- Opening Delimiter -

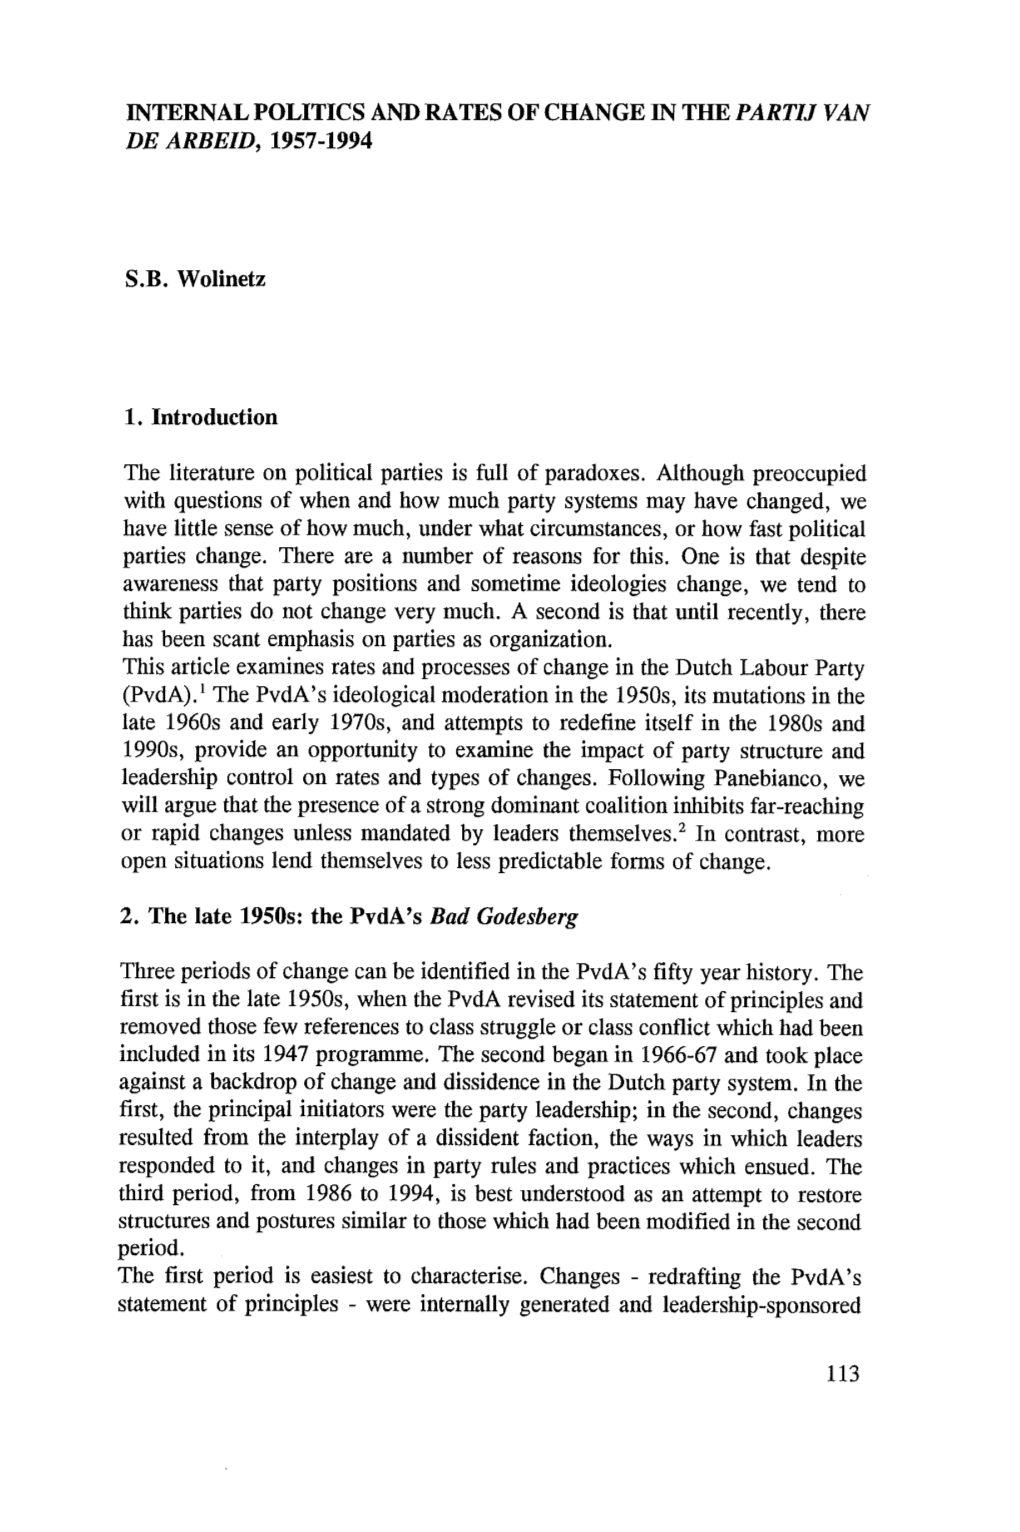 Internal Politics and Rates of Change in the Partij Van De Arbeid, 1957-1994
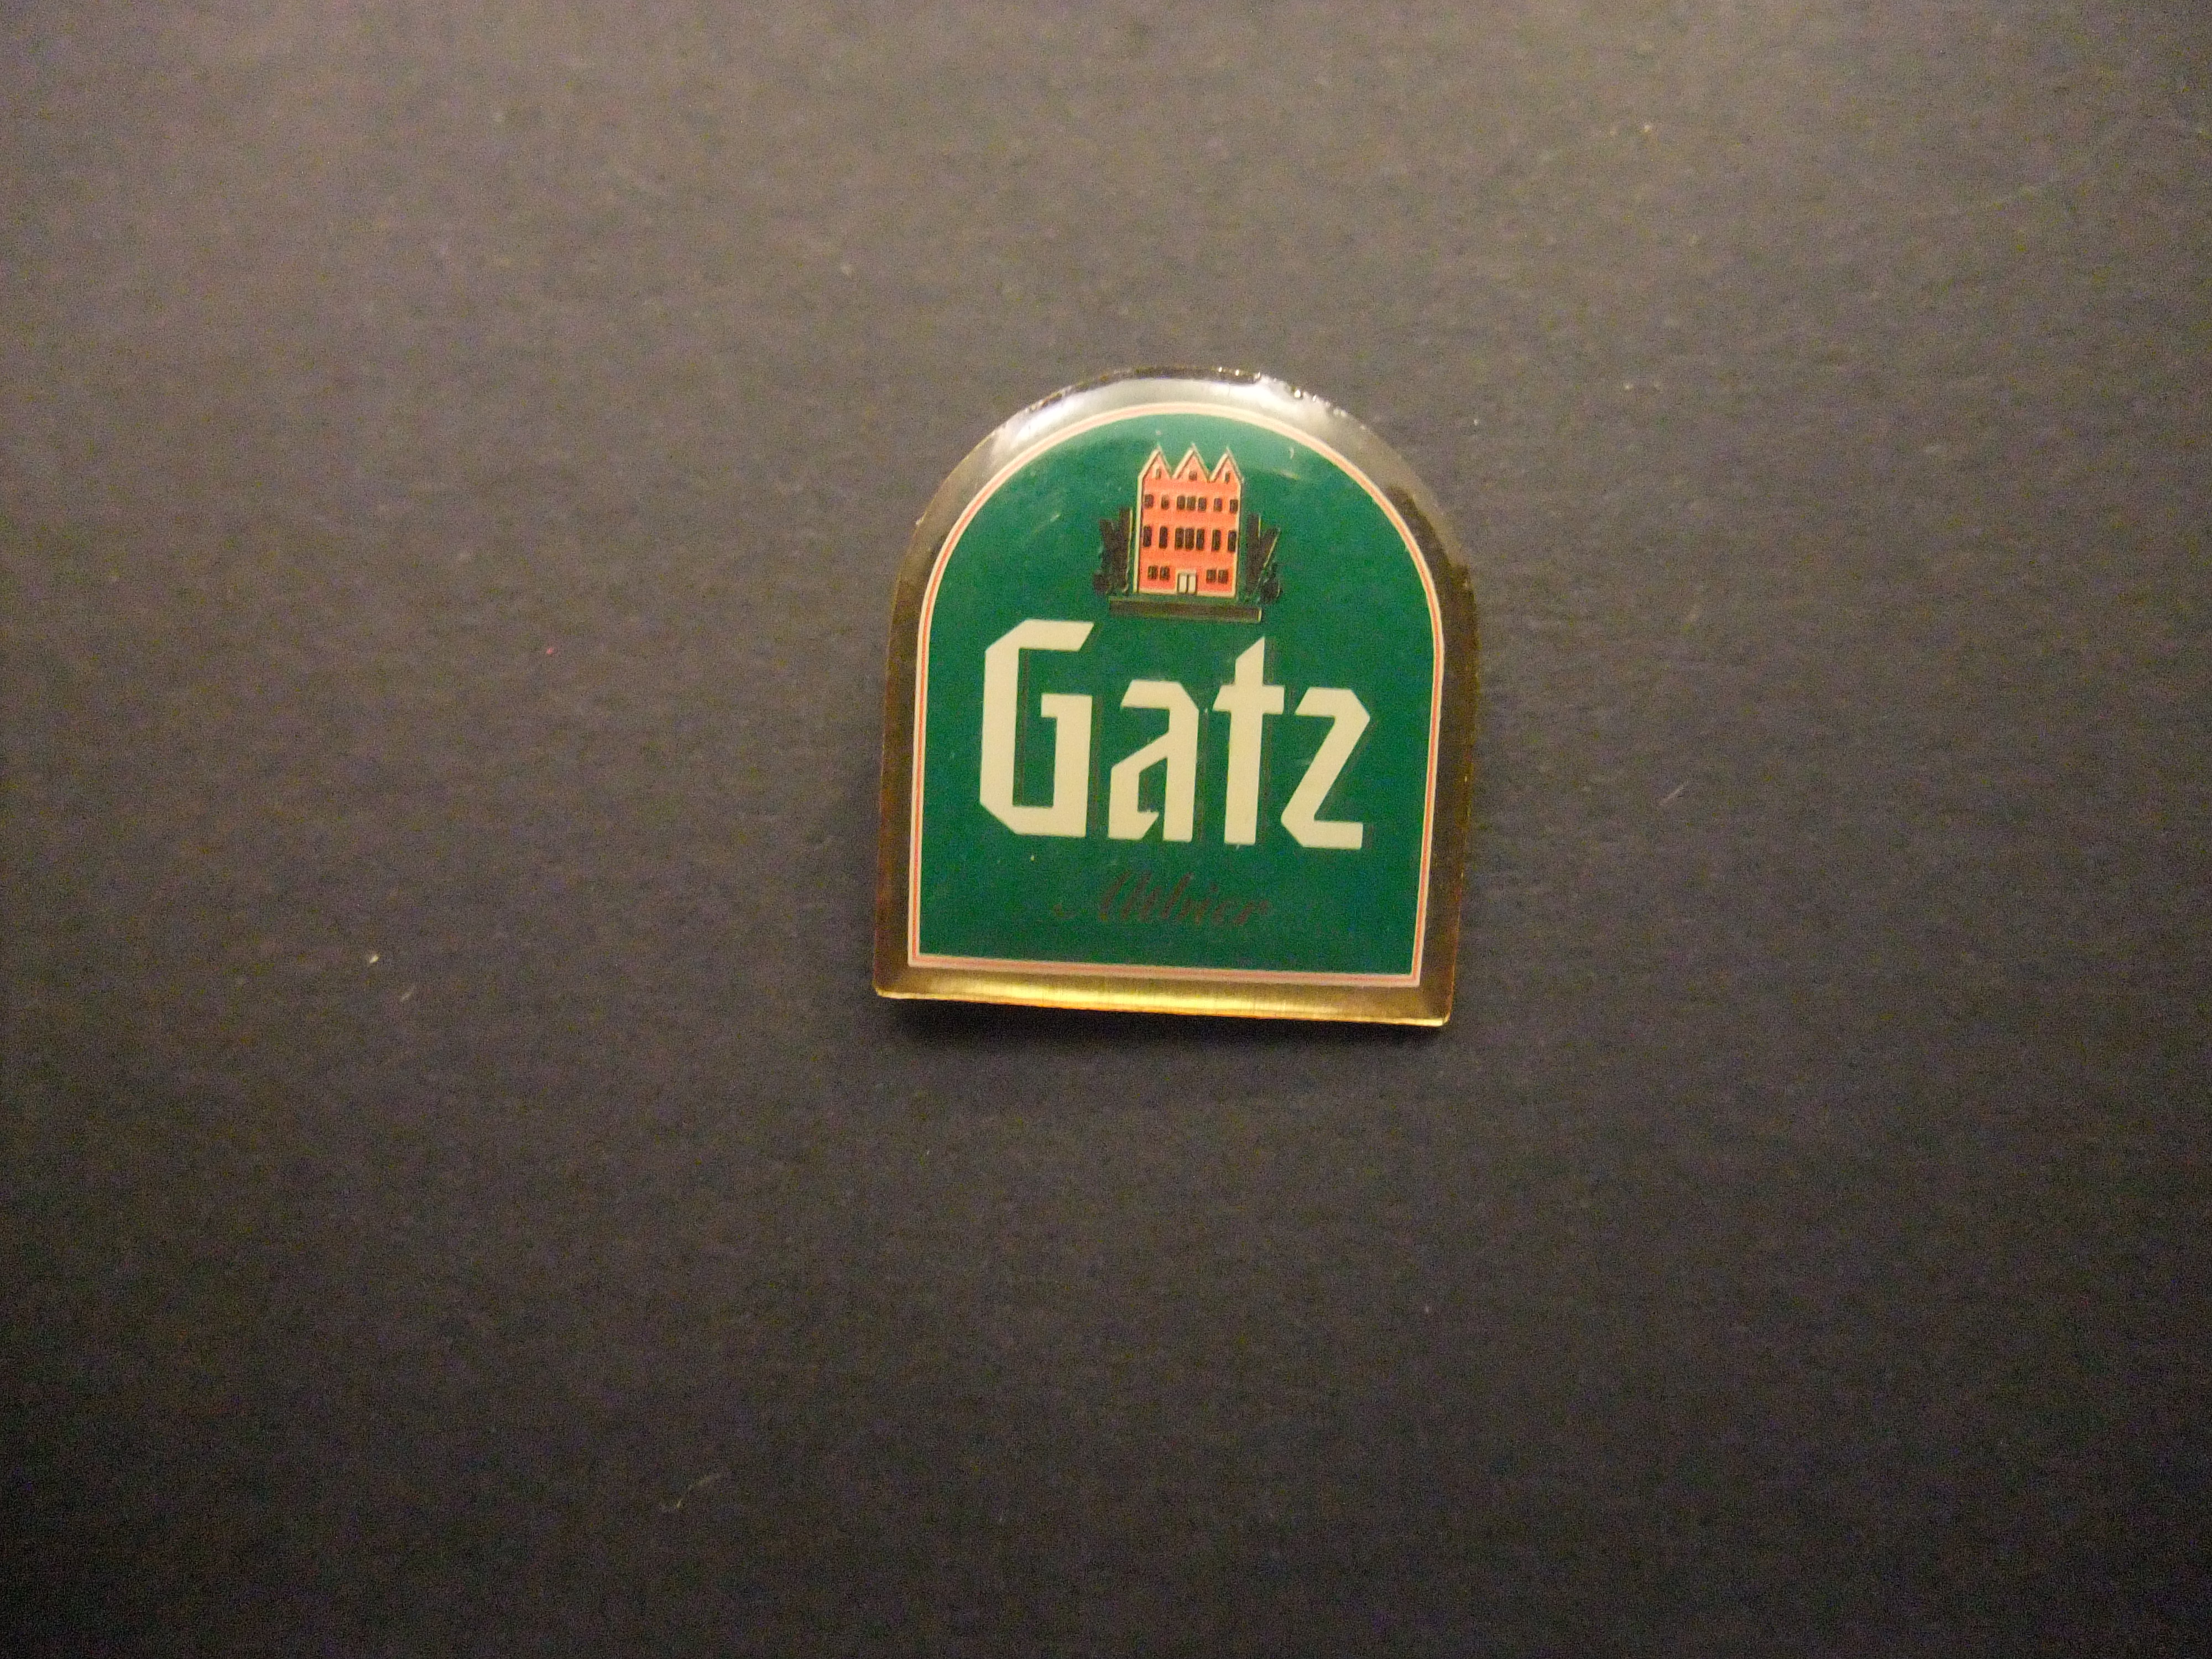 Gatz Altbier Duits bier ( Dusseldorf) door Carlsberg op de markt gebracht
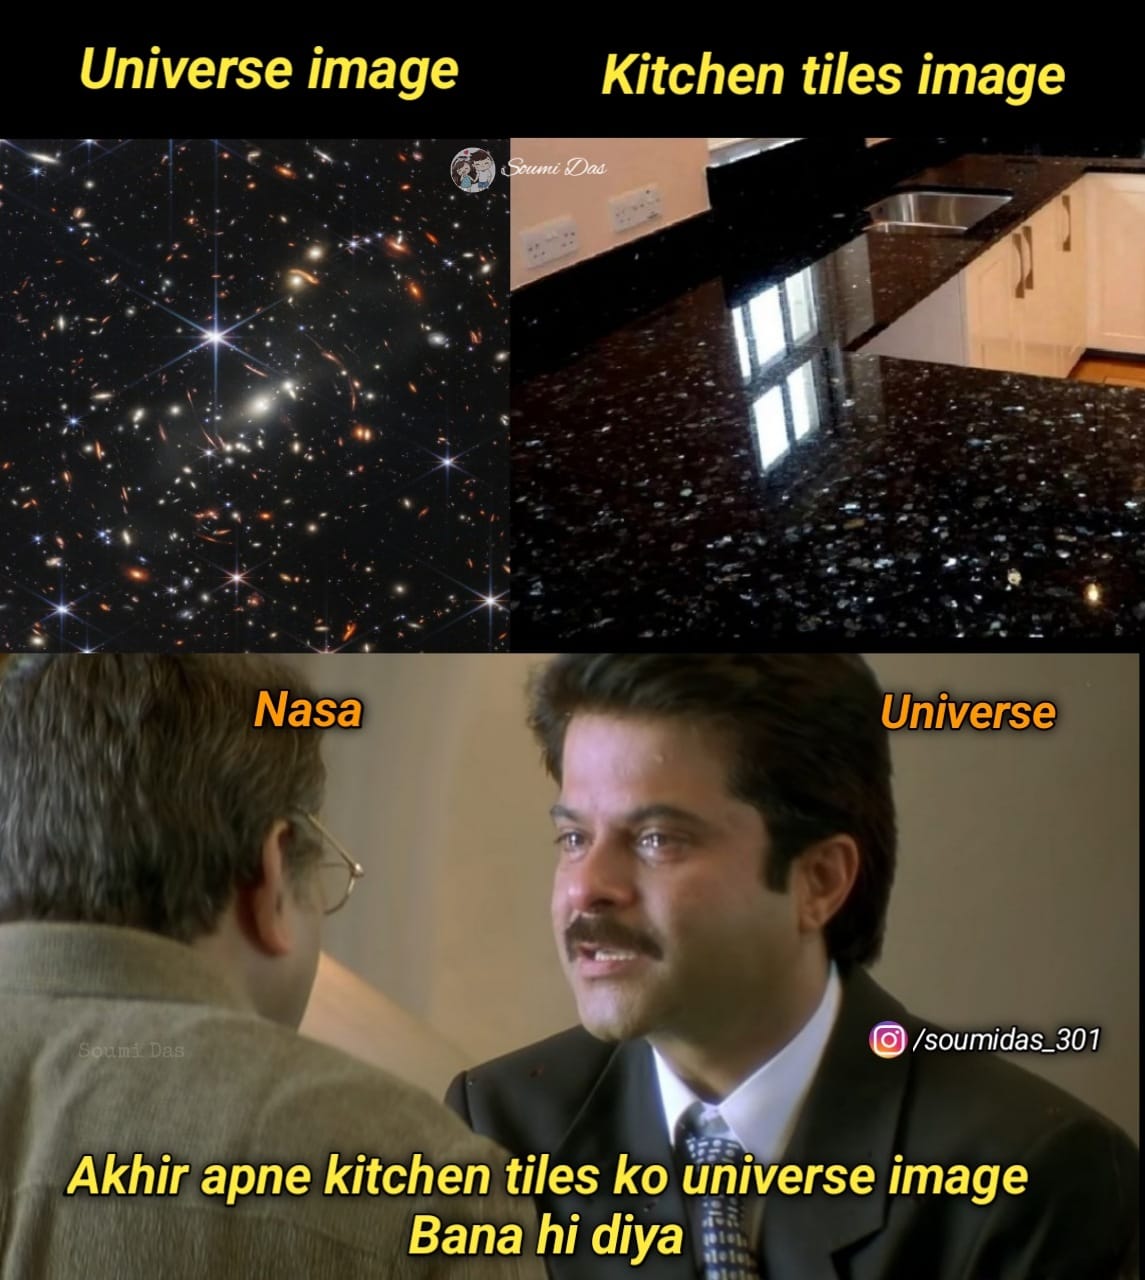 Akhir aapne kitchen tiles ko universe image bana hi diya meme

- Closing Delimiter -

— WHAT THE TASK ASKS —
Each line from the one containing "Gatz Altbier Duits" to the final line of the data must be printed exactly, both included, with nothing else and no pictures.

— EXPECTED OUTPUT —
 Gatz Altbier Duits bier ( Dusseldorf) door Carlsberg op de markt gebracht
 Akhir aapne kitchen tiles ko universe image bana hi diya meme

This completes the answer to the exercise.